Lists are ordered collections of values. The contents of the list are heterogeneous (that is, each element can have a different type). Homogeneous lists are not supported by the core type system, but may be imposed by schema validation tools.

In the text format, lists are bounded by square brackets and elements are separated by commas.

null.list         // A null list value
[]                // An empty list value
[1, 2, 3]         // List of three ints
[ 1 , two ]       // List of an int and a symbol
[a , [b]]         // Nested list
[ 1.2, ]          // Trailing comma is legal in Ion (unlike JSON)
[ 1, , 2 ]        // ERROR: missing element between commas

S-Expressions

An S-expression (or symbolic expression) is much like a list in that it’s an ordered collection of values. However, the notation aligns with Lisp syntax to connote use of application semantics like function calls or programming-language statements. As such, correct interpretation requires a higher-level context other than the raw Ion parser and data model.

In the text format, S-expressions are bounded by parentheses. S-expressions also allow unquoted operator symbols, in addition to the unquoted identifier symbols allowed everywhere.

null.sexp         // A null S-expression value
()                // An empty expression value
(cons 1 2)        // S-expression of three values
([hello][there])  // S-expression containing two lists

(a+-b)  ( 'a' '+-' 'b' )    // Equivalent; three symbols
(a.b;)  ( 'a' '.' 'b' ';')  // Equivalent; four symbols

Note that comments are allowed within S-expressions and have higher precedence than operators, therefore // and /* denote the start of comment blocks. Users are advised to avoid them as operators, though they can be used when escaped with single quotes:

(a/* word */b)       // An S-expression with two symbols and a comment
(a '/*' word '*/' b) // An S-expression with five symbols

Although Ion S-expressions use a syntax similar to Lisp expressions, Ion does not define their interpretation or any semantics at all, beyond the pure sequence-of-values data model indicated above.

Type Annotations

Any Ion value can include one or more annotation symbols denoting the semantics of the content. This can be used to:

Annotate individual values with schema types, for validation purposes.
Associate a higher-level datatype (e.g. a Java class) during serialization processes.
Indicate the notation used within a blob or clob value.
Apply other application semantics to a single value.

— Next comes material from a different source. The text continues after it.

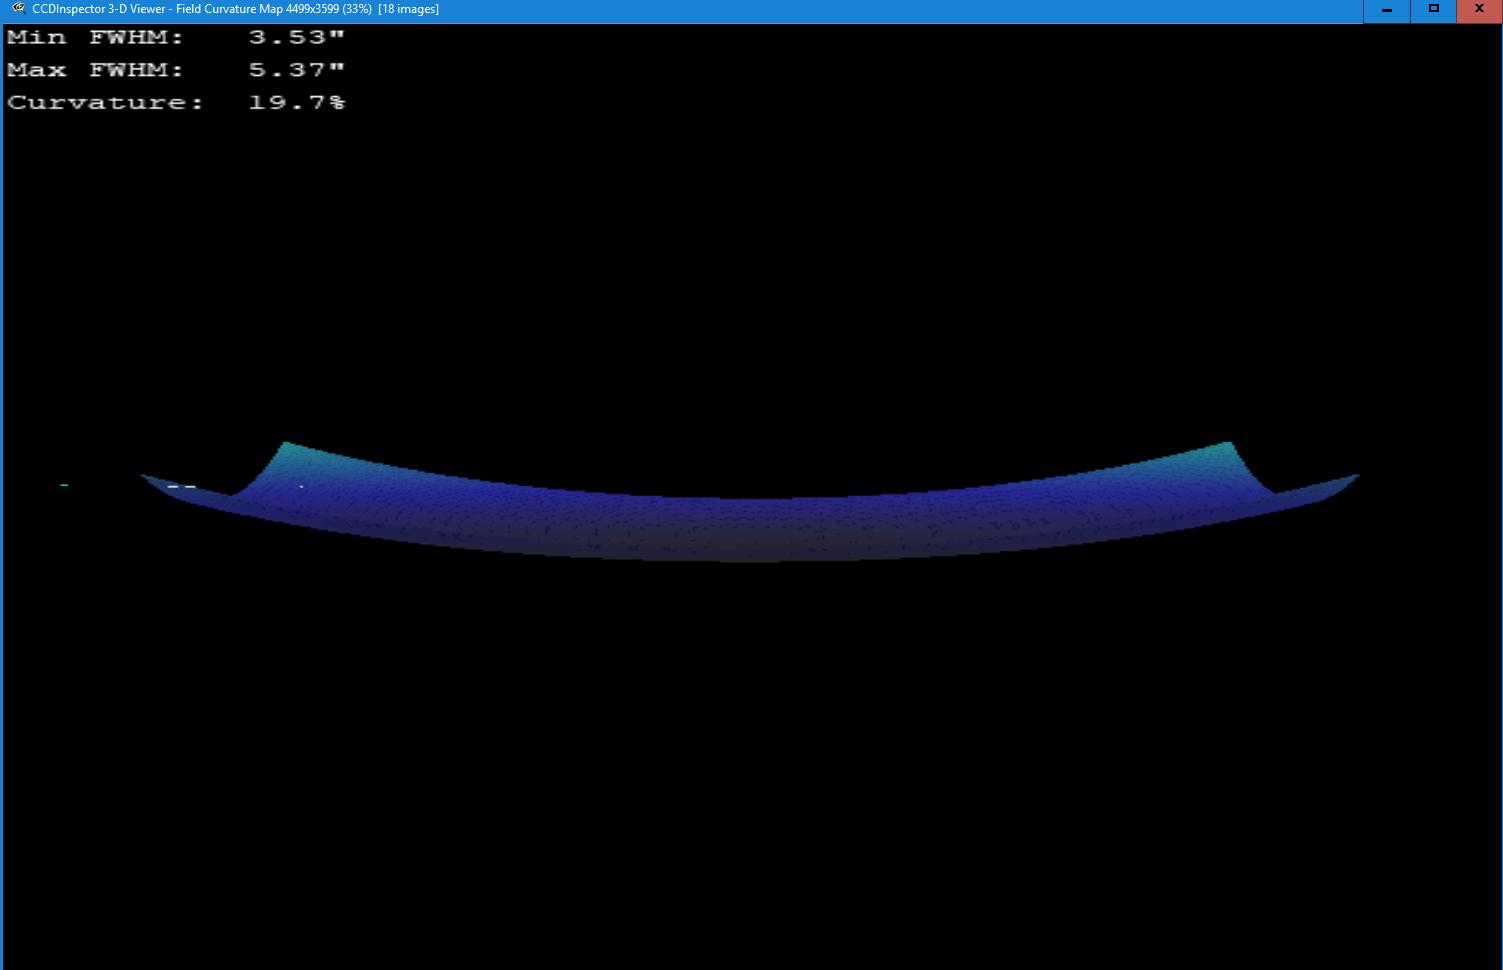 tsa102-atik16200-curvature2.jpg.b65d977ecd4bf28d4fadbb2330cf9b35.jpg

When multiple annotations are present, the Ion processor will maintain their order. Duplicate annotation symbols are allowed but discouraged.

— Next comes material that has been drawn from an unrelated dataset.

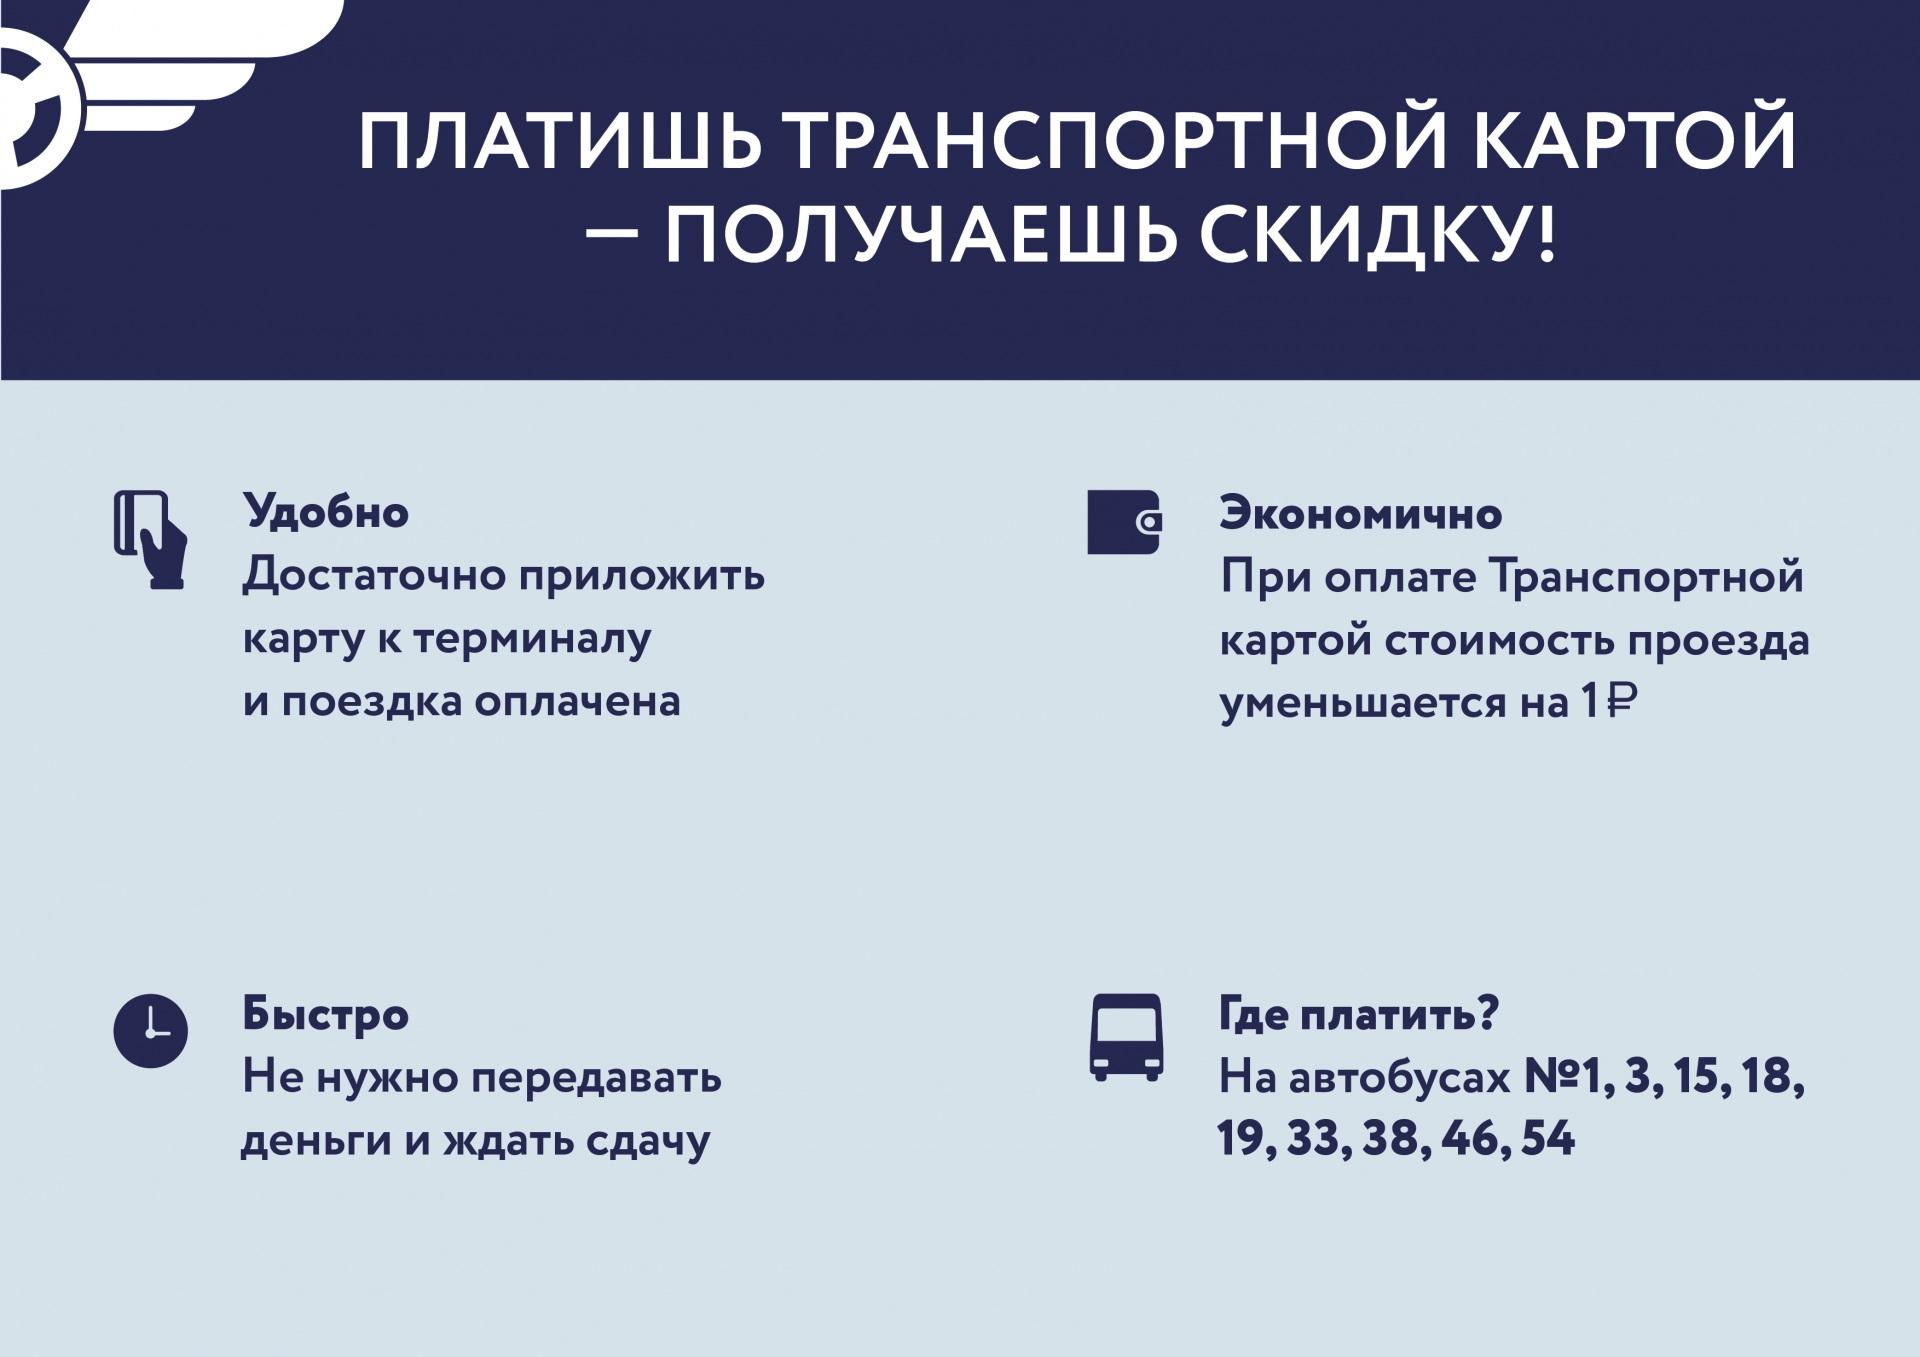 Skidka-po-Transportnoi-karte-01.jpg

In the text format, type annotations are denoted by a non-null symbol token and double-colons preceding any value. Multiple annotations on the same value are separated by double-colons:

int32::12                                // Suggests 32 bits as end-user type
degrees::'celsius'::100                  // You can have multiple annotaions on a value
'my.custom.type' :: { x : 12 , y : -1 }  // Gives a struct a user-defined type

{ field: some_annotation::value }        // Field's name must precede annotations of its value

jpeg :: {{ ... }}                        // Indicates the blob contains jpeg data
bool :: null.int                         // A very misleading annotation on the integer null
'' :: 1                                  // An empty annotation
null.symbol :: 1                         // ERROR: type annotation cannot be null 

Except for a small number of predefined system annotations, Ion itself neither defines nor validates such annotations; that behavior is left to applications or tools (such as schema validators).

It’s important to understand that annotations are symbol tokens, not symbol values. That means they do not have annotations themselves. In particular, the text a::c is a single value consisting of three textual tokens (a symbol, a double-colon, and another symbol); the first symbol token is an annotation on the value, and the second is the content of the value.